An honest, searching exploration of the artist as a young man.




In this debut memoir, a young pianist recalls touring the United States with his program of contemporary American music while struggling with his closeted sexuality.

After graduating from music school with honors, Tendler came up with a bold idea: “I’d always wanted to travel, I loved modern American music, and I had nothing else to do. I would call it America 88x50—eighty-eight keys by fifty states.” His program showcased four American art-music composers—Charles Ives, Charles Tomlinson Griffes, Alberto Ginastera and Aaron Copland. After emailing his proposal—which he now describes as “a grandiose web of half-truths”—to 50 presenters, he got no positive responses. “Clearly, you are not a professional musician,” said one presenter in an email reply. He decided to tour anyway. Tendler was ill-prepared, at first lacking a website, publicist or even a poster. (He now has a website with sound files, photographs and reviews.) Nevertheless, Tendler lined up a handful of concerts and hit the road, playing wherever he could get a booking—a nursing home, an elementary school, a noisy coffee shop—and eventually, he reached his goal.

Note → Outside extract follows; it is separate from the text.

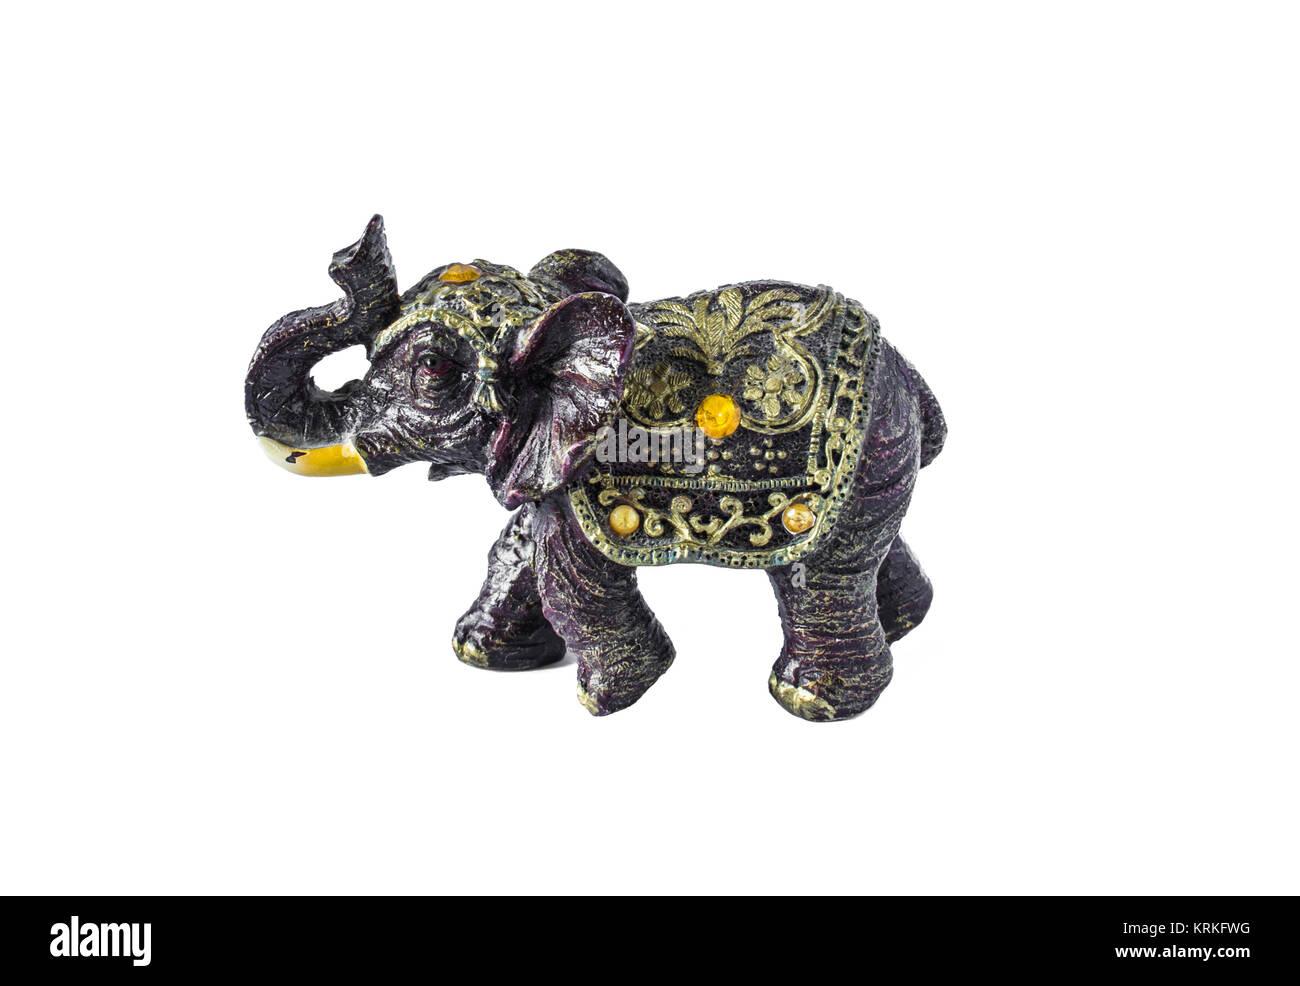 Elephant a symbol of good luck feng shui elephant isolated on elephant a symbol of good luck feng shui elephant isolated on white background biocorpaavc

Even nonmusical readers could become engrossed in Tendler’s narrative as he struggles with self-doubt, logistics, health and coming out, as well as the underlying fight to maintain his pursuit of art through the generosity of others when funding is slim and audiences tiny. The elderly, he discovered, are the most likely to take chances and show up, “while my own hipper-than-thou demographic of twenty-somethings could scarcely ever be found.” In many ways, his quest is personal, though Tendler “learned long ago that only by playing before an audience can a pianist really discover the truth about what they know or don’t know about a piece of music,” and his exploration of this relationship is fascinating. For instance, when he played his dissonant music at a Hurricane Katrina benefit and a disrupted family was in the audience, his host told him that, to them, “Your program made perfect sense.”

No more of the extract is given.